» **WHAT THE TASK ASKS**:
Set down the lines below, exactly, starting at the one that contains "LED-vegglampe 2457 betong 3000K ikke-dimbar" and stopping at the last line, inclusive. Omit pictures.
+++ DATA BELOW +++
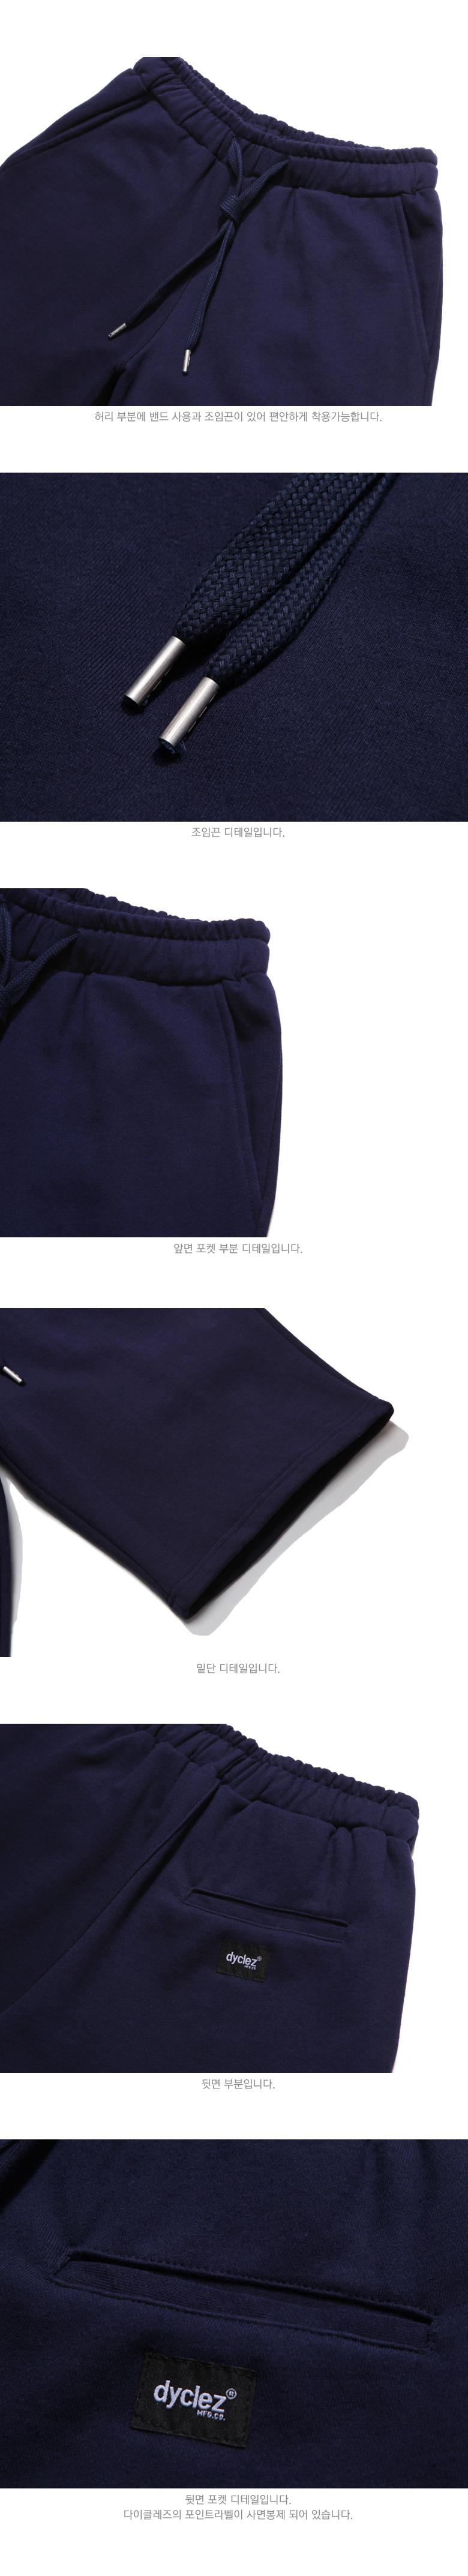 20180615_dy_classicjjuri_short_pants_detail_navy_uk_02.jpg
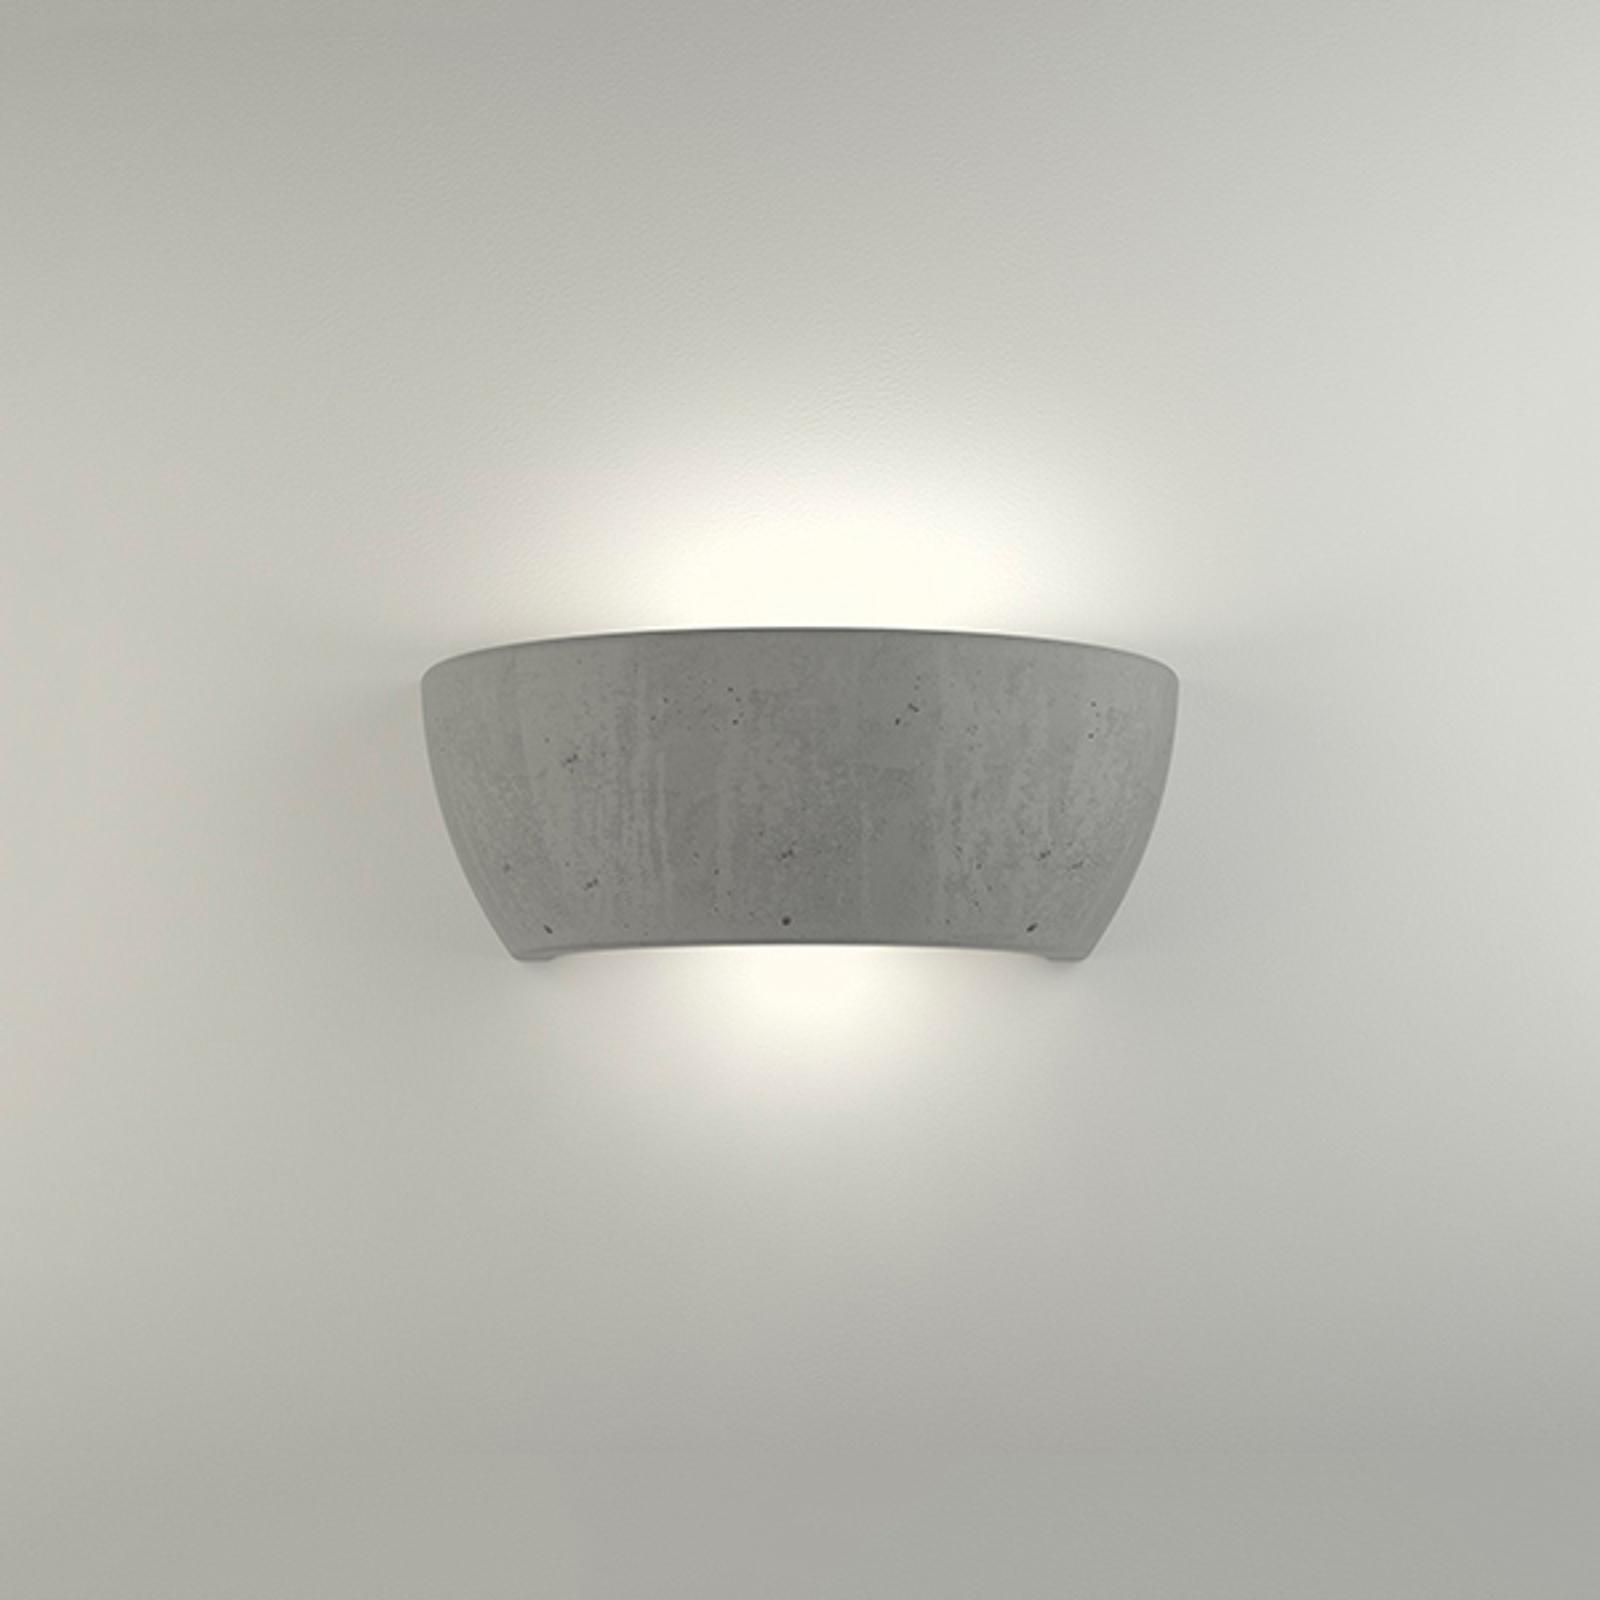 LED-vegglampe 2457 betong 3000K ikke-dimbar
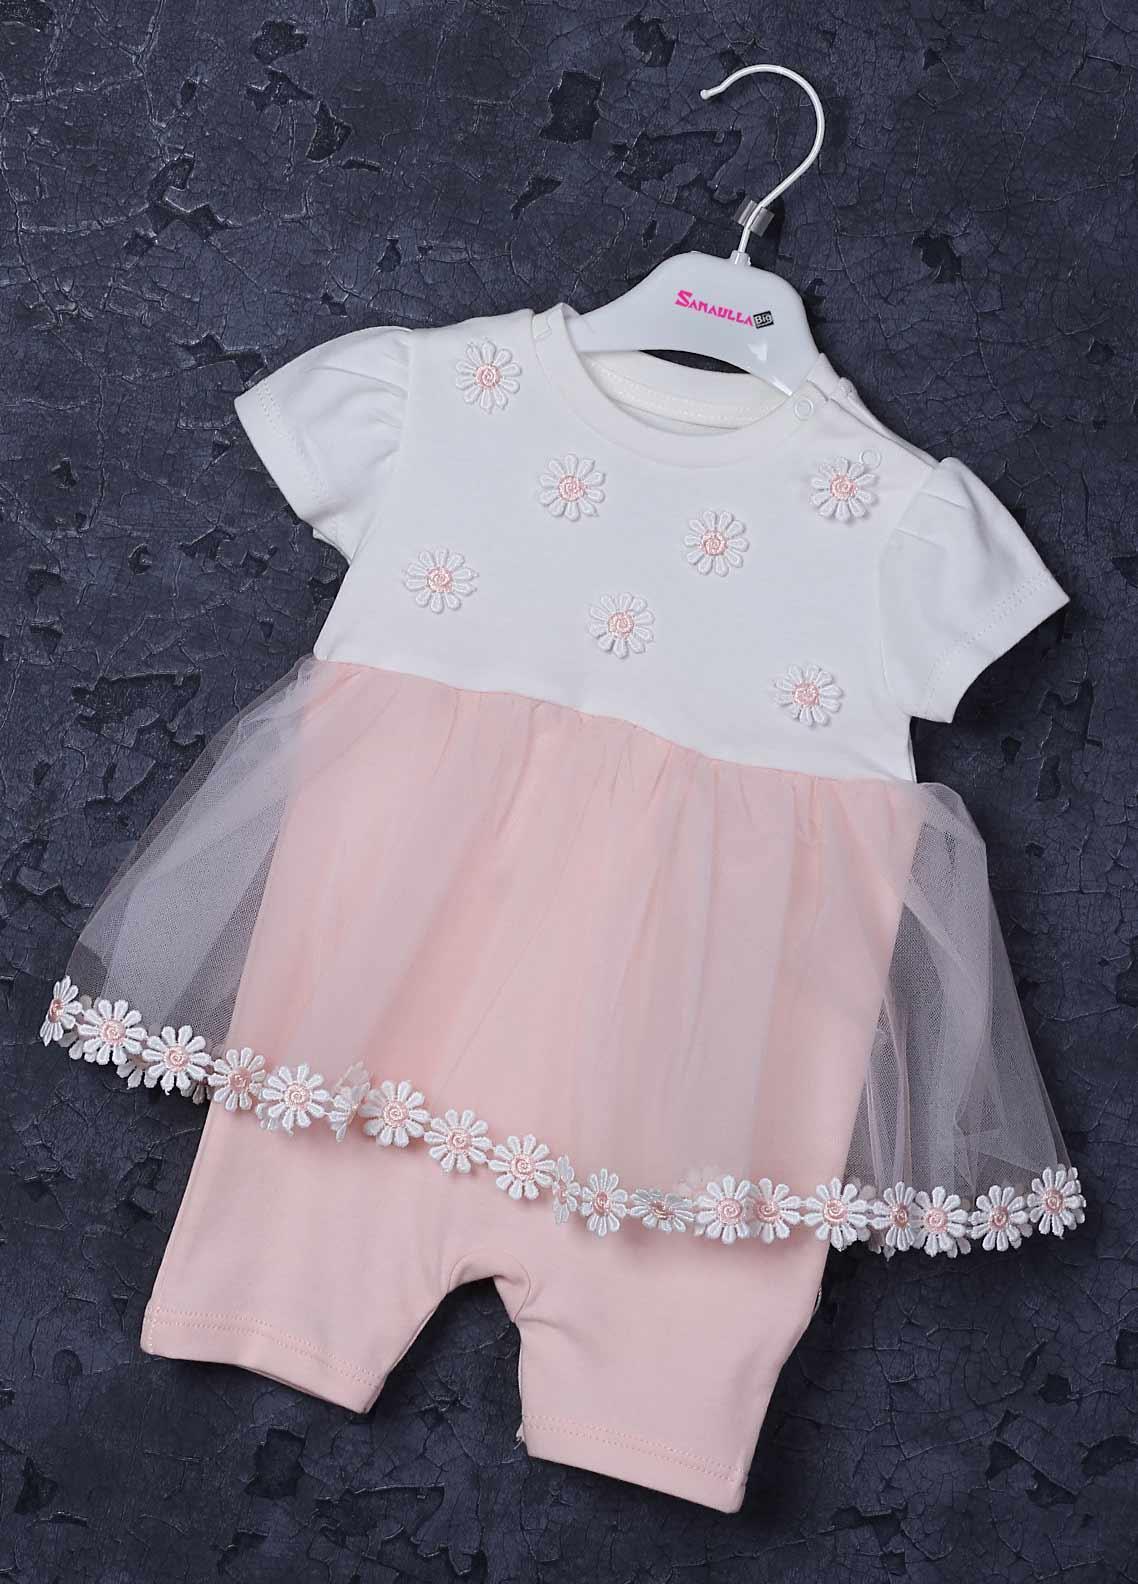 Sanaulla Exclusive Range Cotton Fancy Frocks for Girls -  2232 Pink
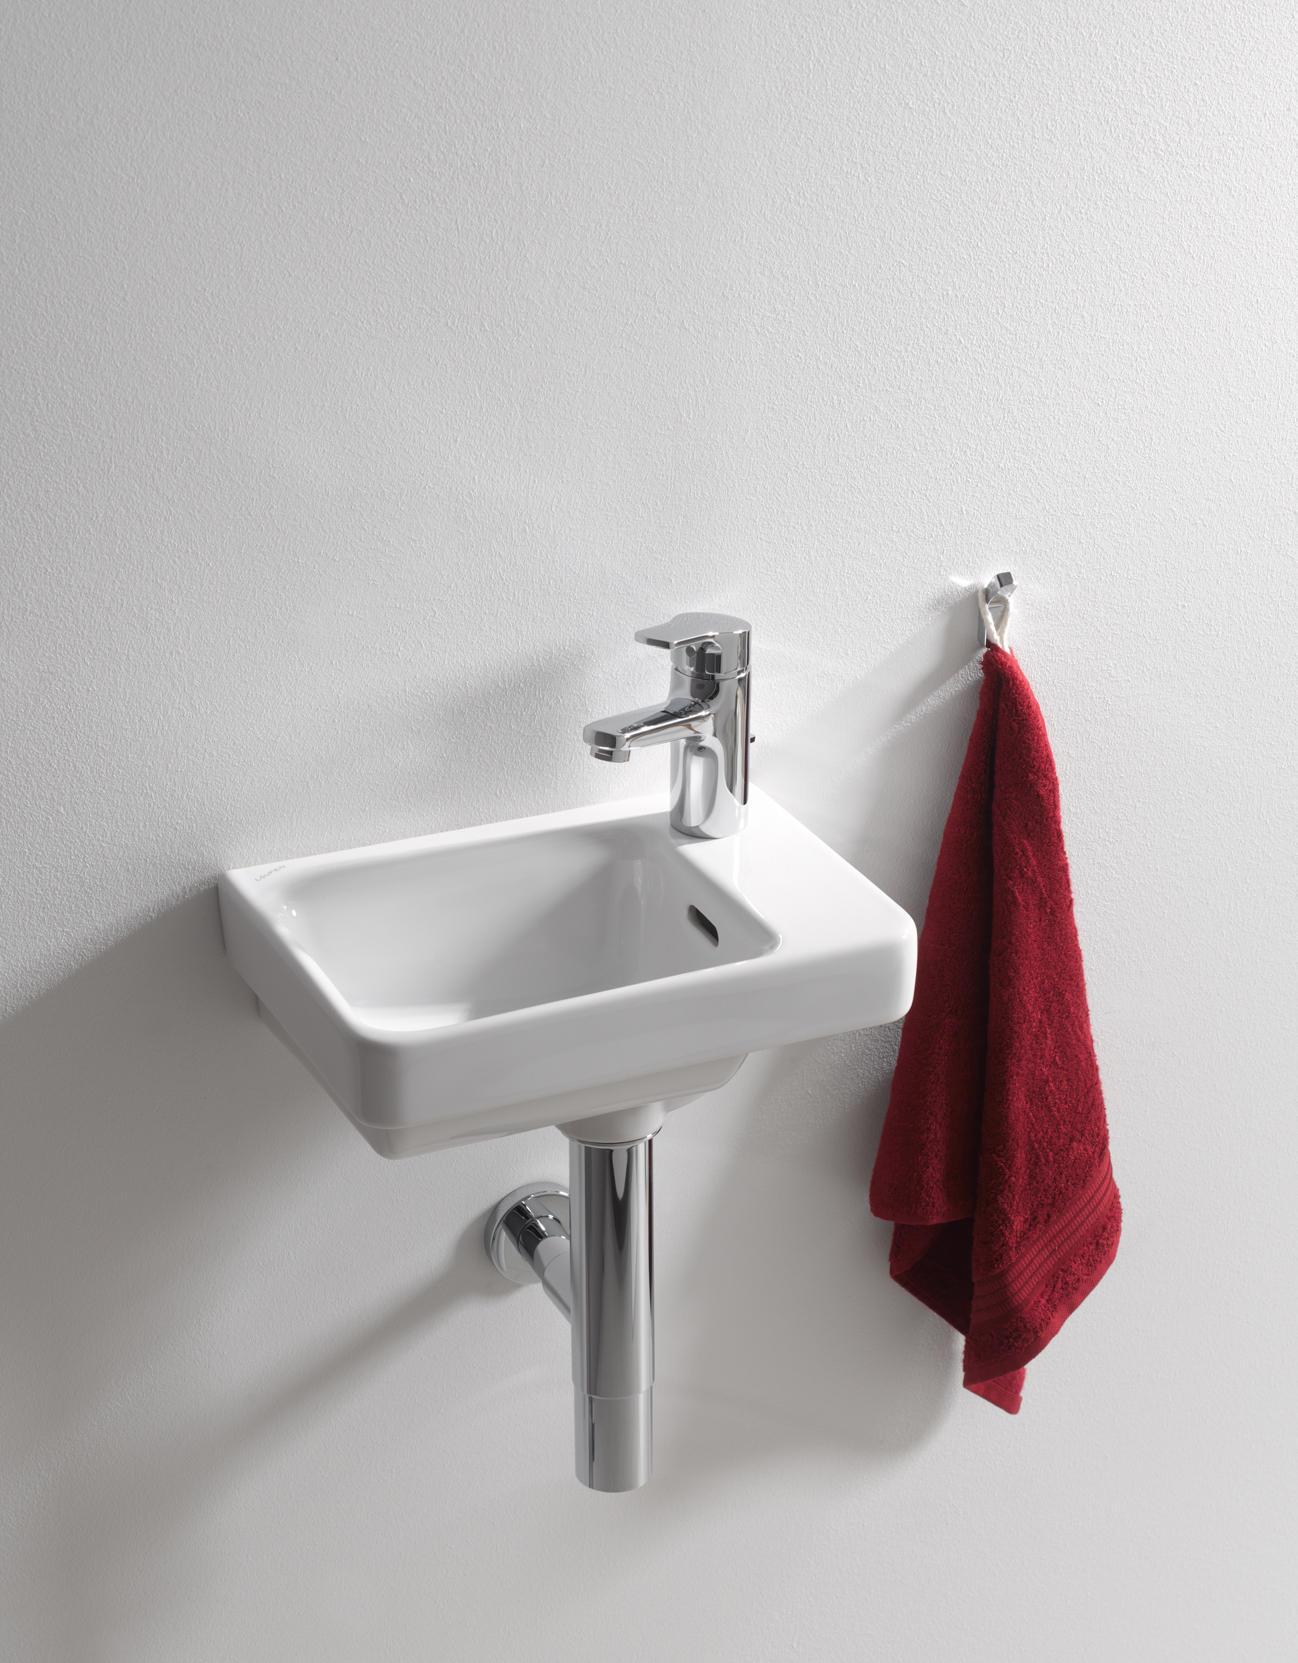 laufen pro s small washbasin asymmetric wash basins. Black Bedroom Furniture Sets. Home Design Ideas
+++
» **OUTPUT OF THE EXERCISE**:
 LED-vegglampe 2457 betong 3000K ikke-dimbar
 Sanaulla Exclusive Range Cotton Fancy Frocks for Girls -  2232 Pink
 laufen pro s small washbasin asymmetric wash basins. Black Bedroom Furniture Sets. Home Design Ideas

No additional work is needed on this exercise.